• **YOUR GOAL**
Below this line are records; write out exactly the lines from the one containing "Screenshot_2020-01-10 ニュース詳細|ハロー!プロジェクト オフィシャルサイト.jpg" through the one containing "10 Multifunction USB", with the pictures left out.

• **RECORDS SUPPLIED**
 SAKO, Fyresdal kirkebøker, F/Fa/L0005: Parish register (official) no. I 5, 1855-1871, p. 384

---

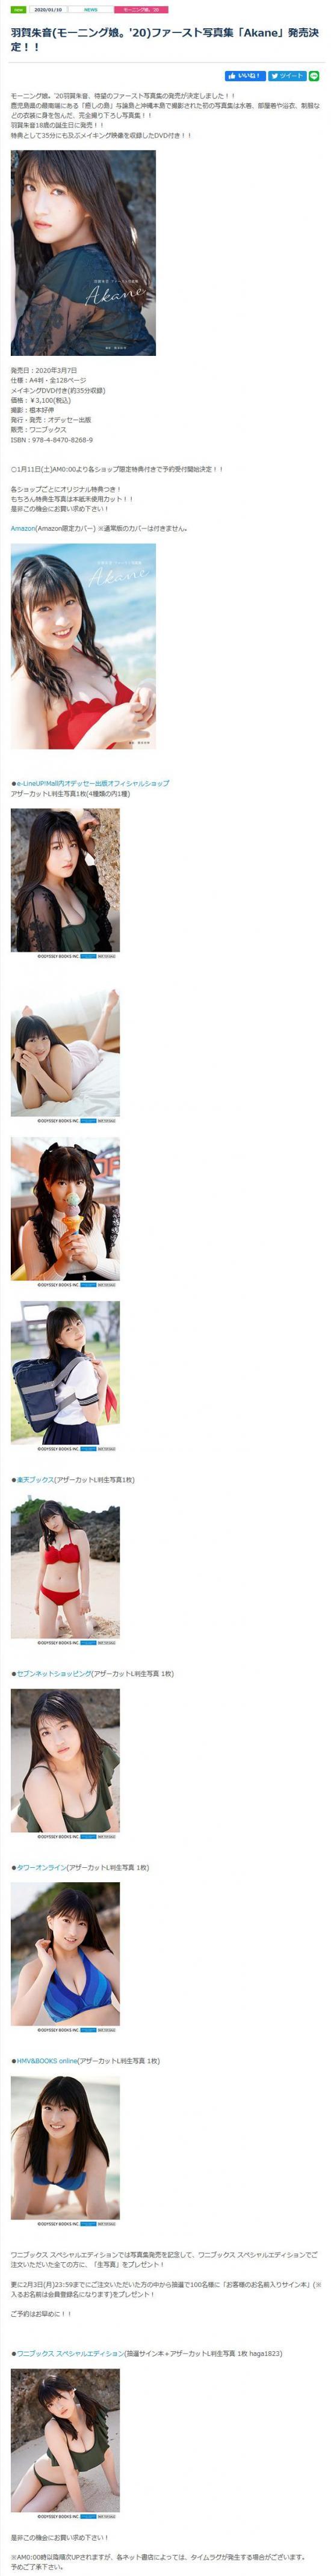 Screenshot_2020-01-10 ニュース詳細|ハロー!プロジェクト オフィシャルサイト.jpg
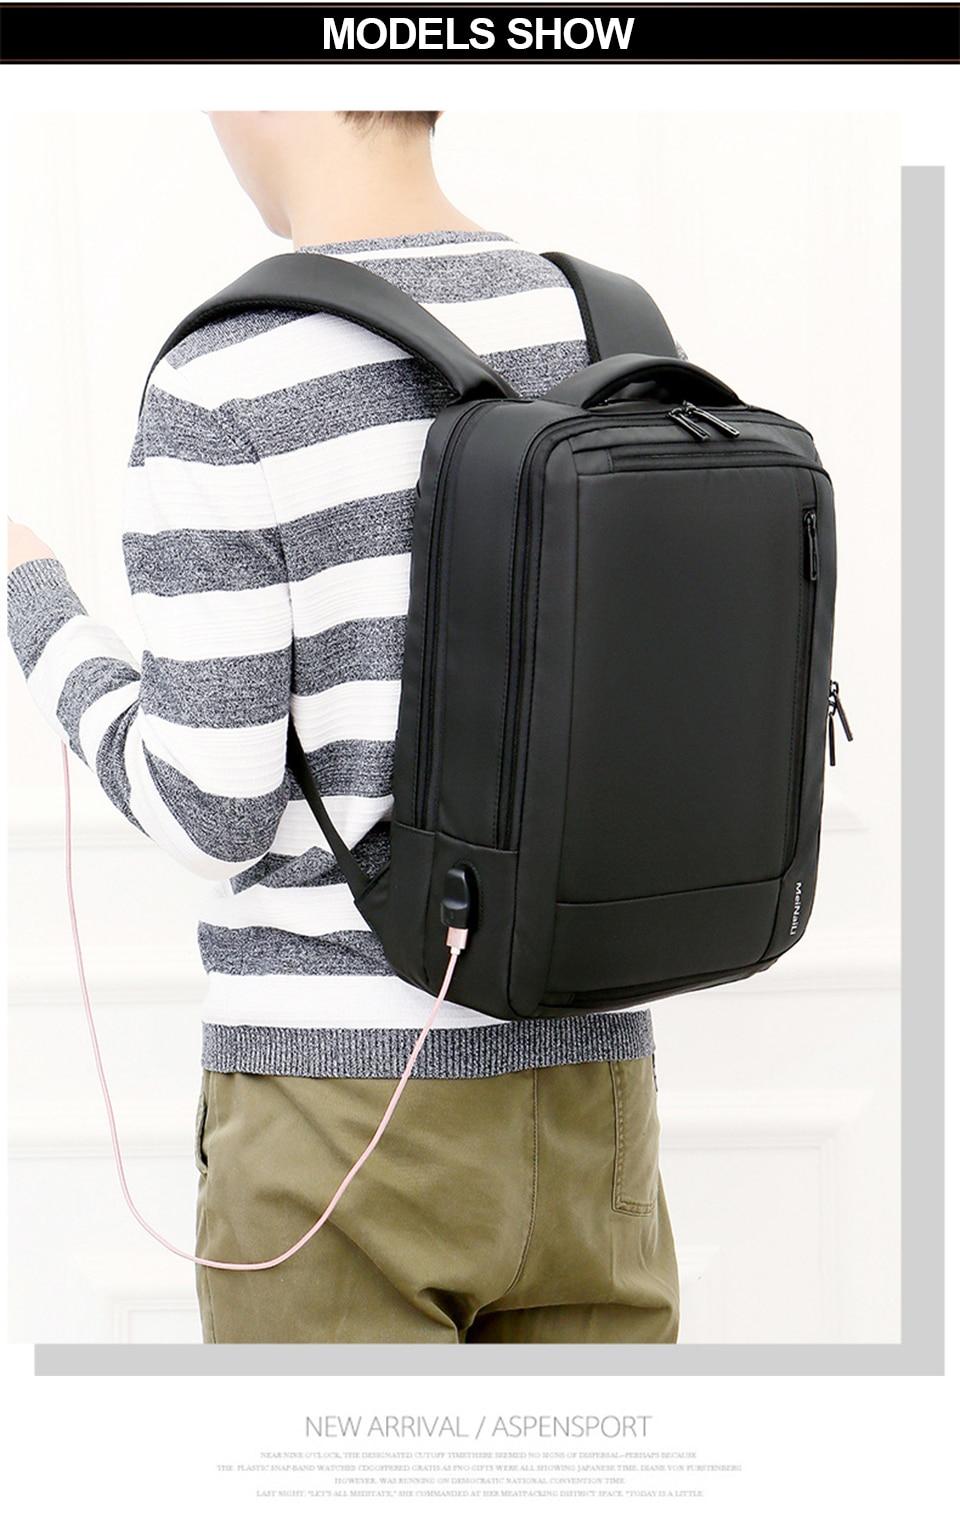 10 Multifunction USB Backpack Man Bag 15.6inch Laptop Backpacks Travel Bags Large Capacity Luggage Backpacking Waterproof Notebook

* * *

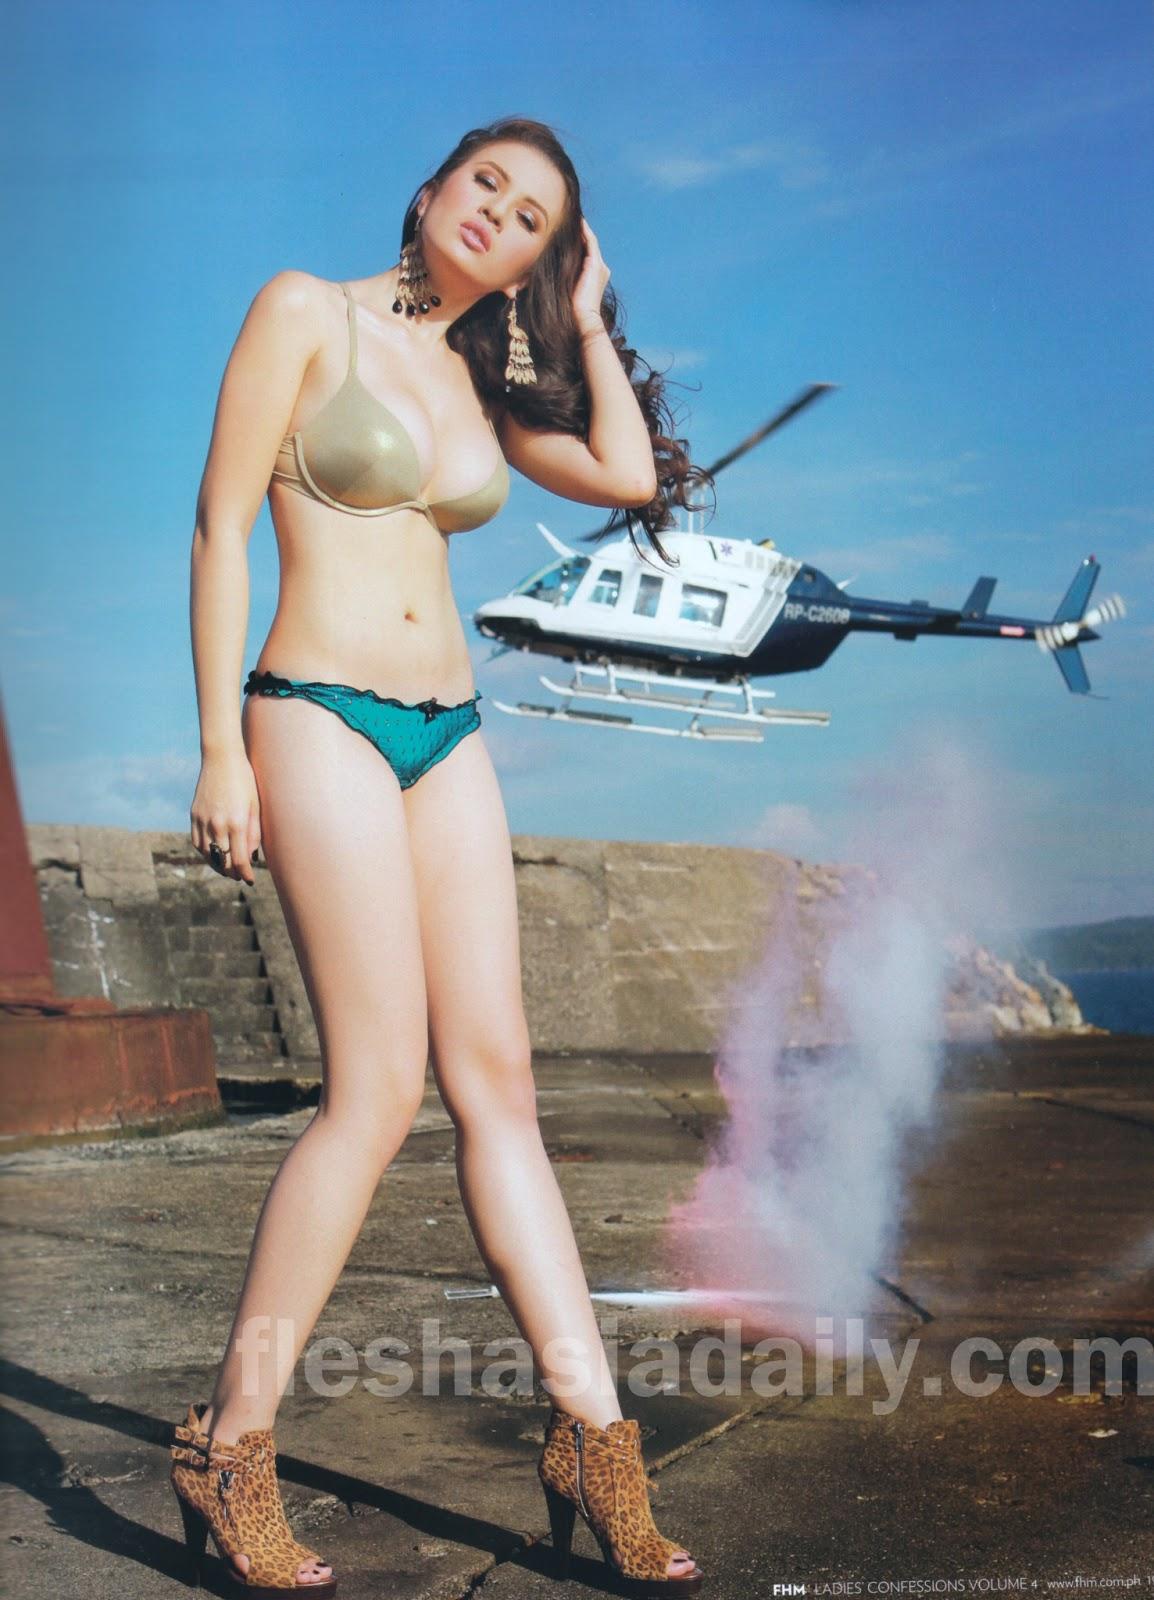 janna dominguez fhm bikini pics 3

• **RESULT BELOW**
 Screenshot_2020-01-10 ニュース詳細|ハロー!プロジェクト オフィシャルサイト.jpg
 10 Multifunction USB Backpack Man Bag 15.6inch Laptop Backpacks Travel Bags Large Capacity Luggage Backpacking Waterproof Notebook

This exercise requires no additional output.